According to several research studies conducted on timetable scheduling from the '90s to the present, it has used technologies such as Operational Methods, Human-Machine Interaction and Artificial Intelligence (AI). Over the years, researchers have used a variety of ways to develop ‘optimal’ timetabling solutions based on a set of criteria. According to Dennise Adrianto’s (2013)[1] research, AI may be defined as a system capable of completing transactions with the help of ‘schedule’ scheduling. Regardless of the technology employed, the most frequent method of scheduling timetables is to apply limits and schedule resources accordingly. When it comes to collecting hard and soft constraints in various settings, all of these methods have varied efficiency. Time table management approaches use fast computing abilities on different optimization methods such as Particle Swarm Optimization (PSO), Genetic Algorithm (GA), Tabu Search (TS), Ant Colony System (ACS), Fuzzy Logic (FL), Simulated Annealing (SA), etc are used along with the different algorithm types like Metaheuristic and Memetic Algorithms.[2]
A research approach named Automated Scheduling System for University Lectures and Examinations, conducted by Arikpo and Okokon (2018)[3], mentions a basic strategy based on Genetic Algorithms (GA) and Evolutionary Algorithms (EA). As a Genetic The problem will be represented in a sequence of bit strings modified by the algorithm, while in Evolutionary Algorithms, the decision variables and problem functions will be employed directly. A mathematical programming model for faculty lecture assignments is established in this study, with each variable representing a full instructor schedule and the issue phrased as a sequence of partitioning problems with side constraints. The approach to system design is based on Object-Oriented Analysis and Design (OOAD). The primary users of the system are department admin, students or lecturers and faculty admin. The department admins can access the cases such as scheduling lectures, registering courses, venues and changing the credentials of users, while faculty admins can register for a department and venues. On the other hand, students and lecturers can only view the timetable. Because they express numerous timetabling difficulties formally and propose diverse solutions for them, this methodology falls within the graph colouring method outlined above. Arikpo and Okokon (2018)[3] used an object-oriented analysis and design method, employing the unified modelling language and Java Enterprise Edition version 6 as the backend database system. They could generate a timetable that resolved lecture room and time issues using random lecture schedules while still satisfying their constraints.

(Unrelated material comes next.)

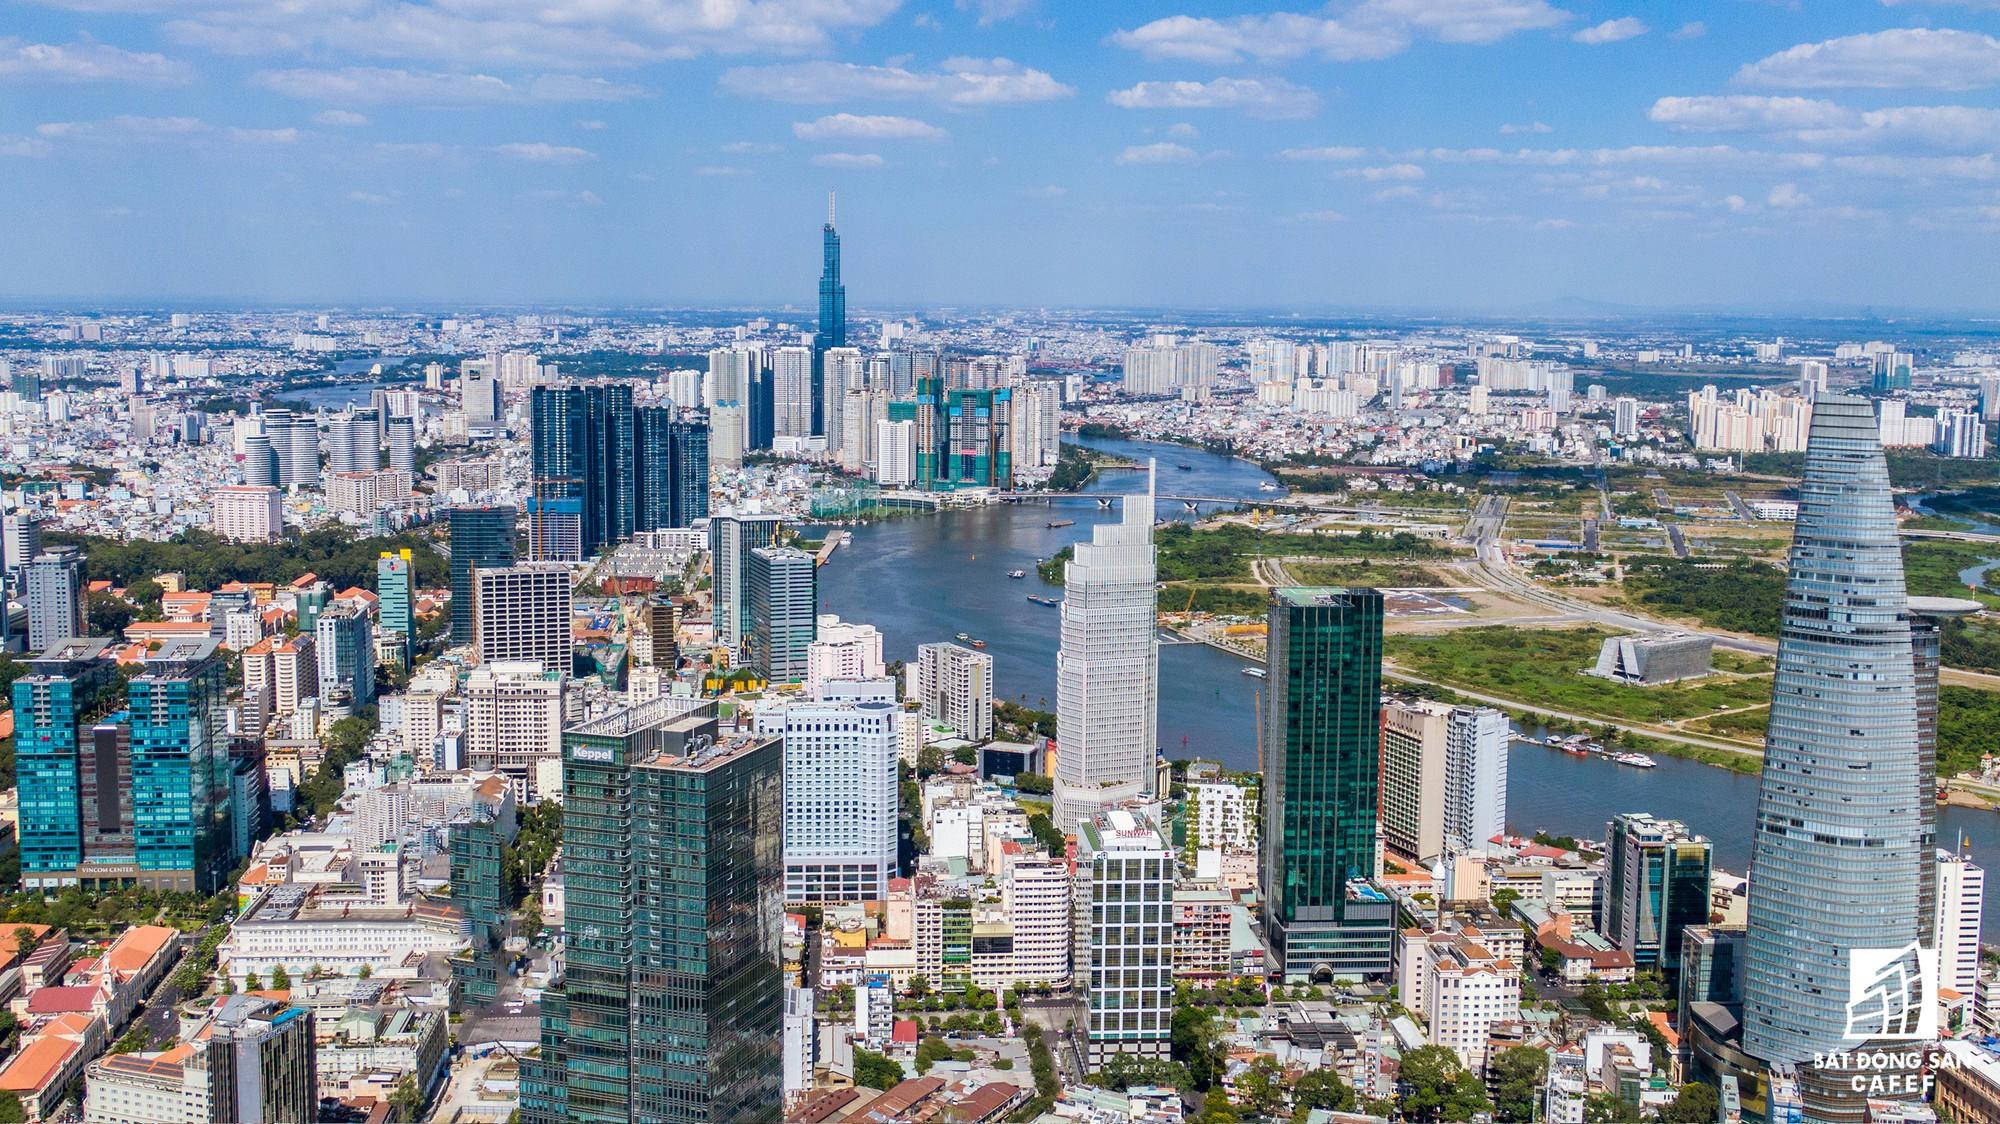 Diện mạo hai bờ sông Sài Gòn tương lai nhìn từ loạt siêu dự án tỷ đô, khu vực trung tâm giá nhà lên hơn 1 tỷ đồng/m2 - Ảnh 5. Diện mạo hai bờ sông Sài Gòn tương lai nhìn từ loạt siêu dự án tỷ đô, khu vực trung tâm giá nhà lên hơn 1 tỷ đồng/m2 Diện mạo hai bờ sông Sài Gòn tương lai nhìn từ loạt siêu dự án tỷ đô, khu vực trung tâm giá nhà lên hơn 1 tỷ đồng/m2 hinh 9 1568274766594129982773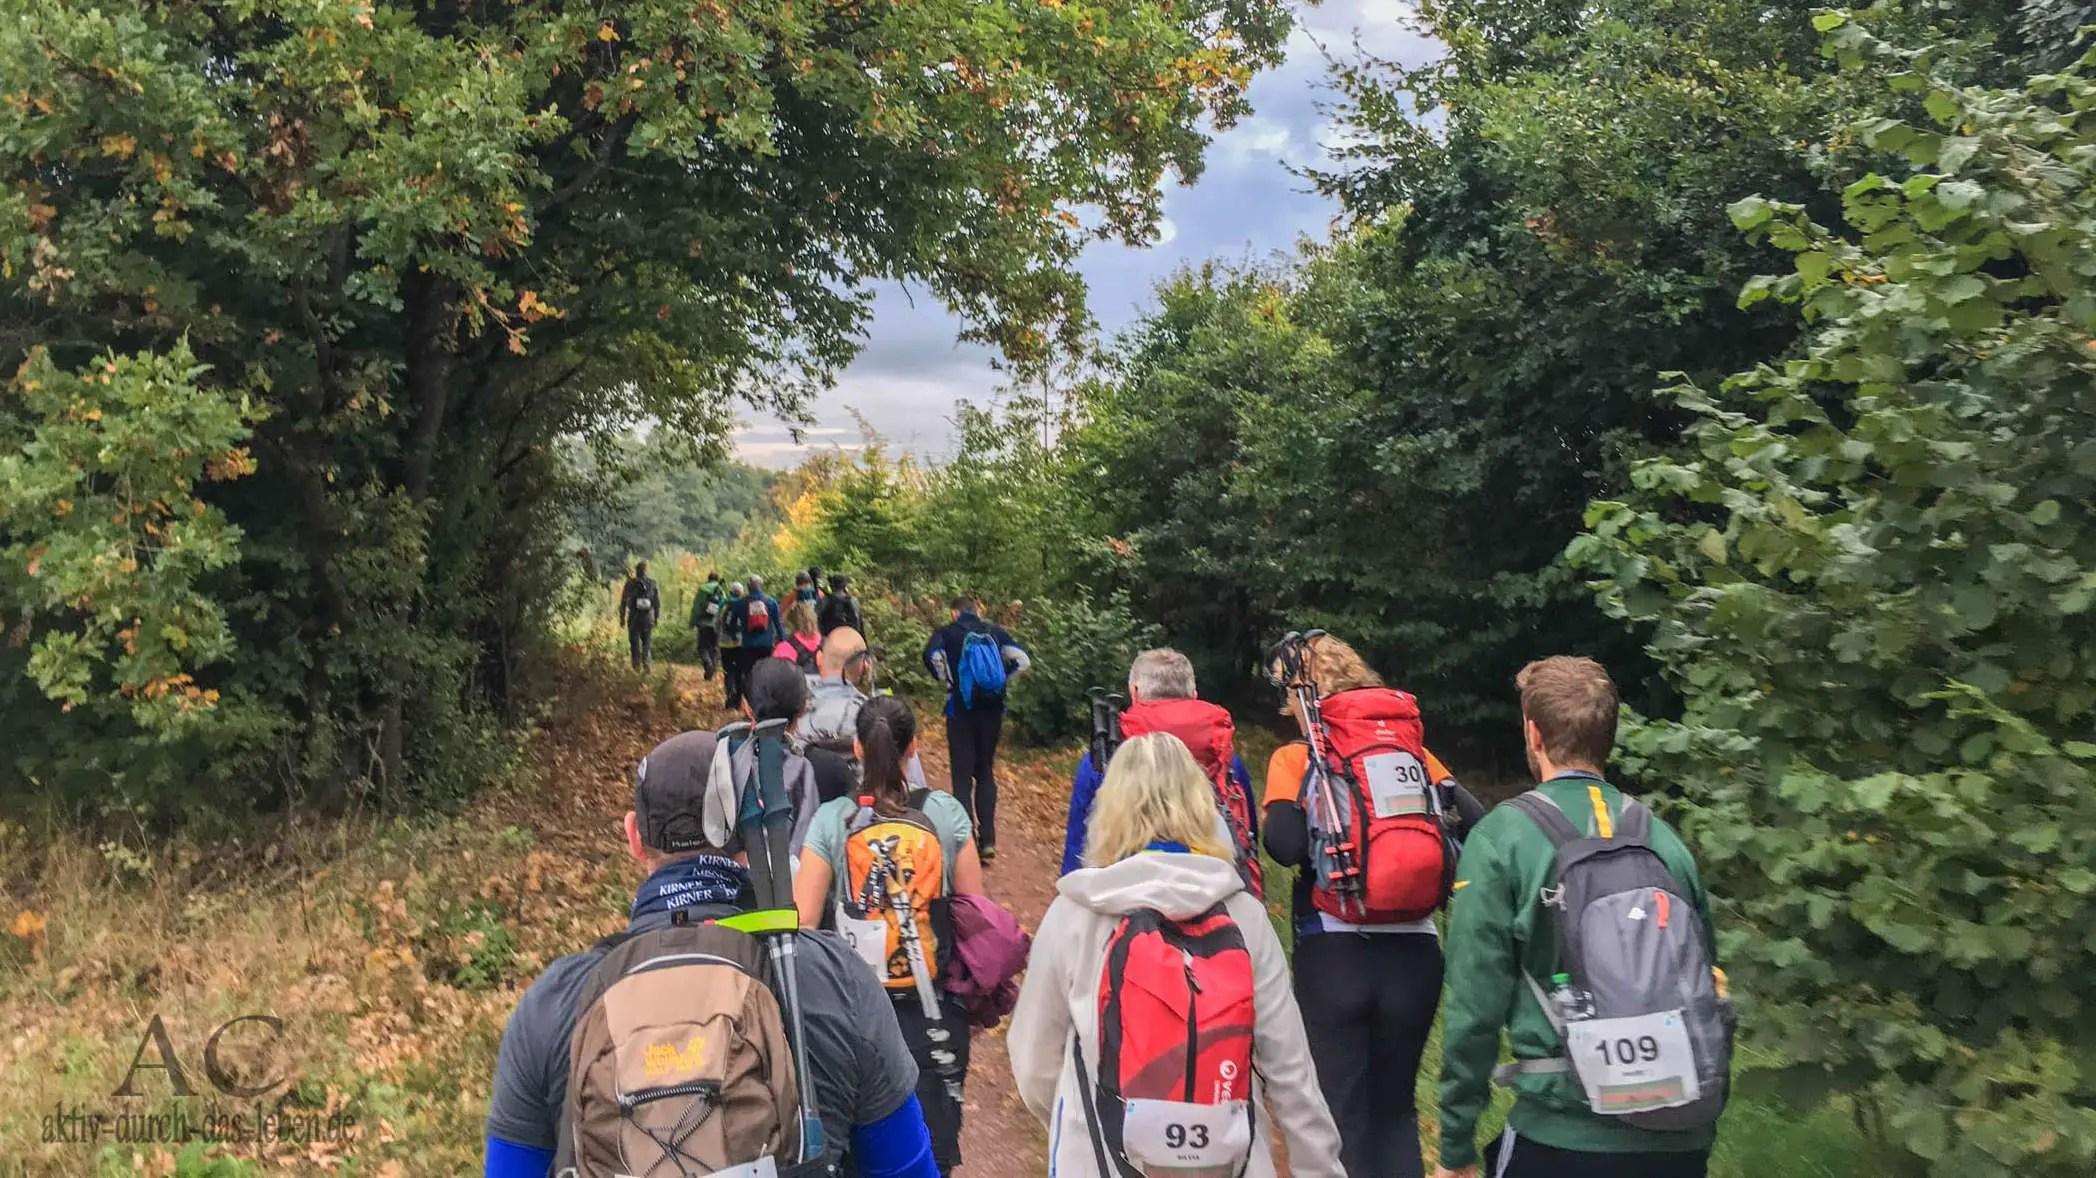 GRENZGÄNGER 2017 – DAS 24h Wanderevent im Saarschleifenland

As Ilham, Saat and Rahman (2017)[4] mentioned in their research on Auto-Generate Scheduling systems based on expert systems, Particle Swarm Optimization (PSO) is a population-based algorithm but possesses poor local optima which affects its global searching abilities. So, they suggest hybrid methods such as Particle Swarm Optimization with Tabu Search to improve efficiency and accuracy. The proposed Auto-Generated Scheduling System (AGSS) by Ilham, Saat and Rahman (2017)[4] is an Artificial Intelligence Expert System in which the information number of lecturers, and list of lecture rooms and courses are input to generate a timetable automatically. This AGSS method can be named an AI-based expert system with user customisation and a user-friendly User Interface (UI) to develop an auto-generated timetable. First, the system is fed with the lecture lists, lecture room lists with the special requests and user customization settings through bridging the database, the expert Al system will output the lecturer’s timetable, student's timetable, course timetable and lecture room timetables separately. The main coding language used here is Visual Basic to develop AGSS and GUI. Another research carried out by Dennise Adrianto (2013)[1] a comparison Using Particle Swarm Optimization and Genetic Algorithm for Automatic Timetable Scheduling by using another method of Artificial intelligence named Particle Swarm Optimization (PSO). In PSO, the solution for an optimization problem is sought by using several particles (solutions) that are constituted with swarms moving around the searching place looking for the best solution. Simply, it is a computational method which optimises the problem based on the movement and intelligence of swamps, iteratively trying to create a solution. It’s been concluded that timetable scheduling can be efficiently done through human and computer interaction with the methods of computation and AI. The studies have found few primary as well as secondary methods including AI and computation, such as Sequential Methods, Cluster Methods, Constraint-Based Methods and Metaheuristic Methods.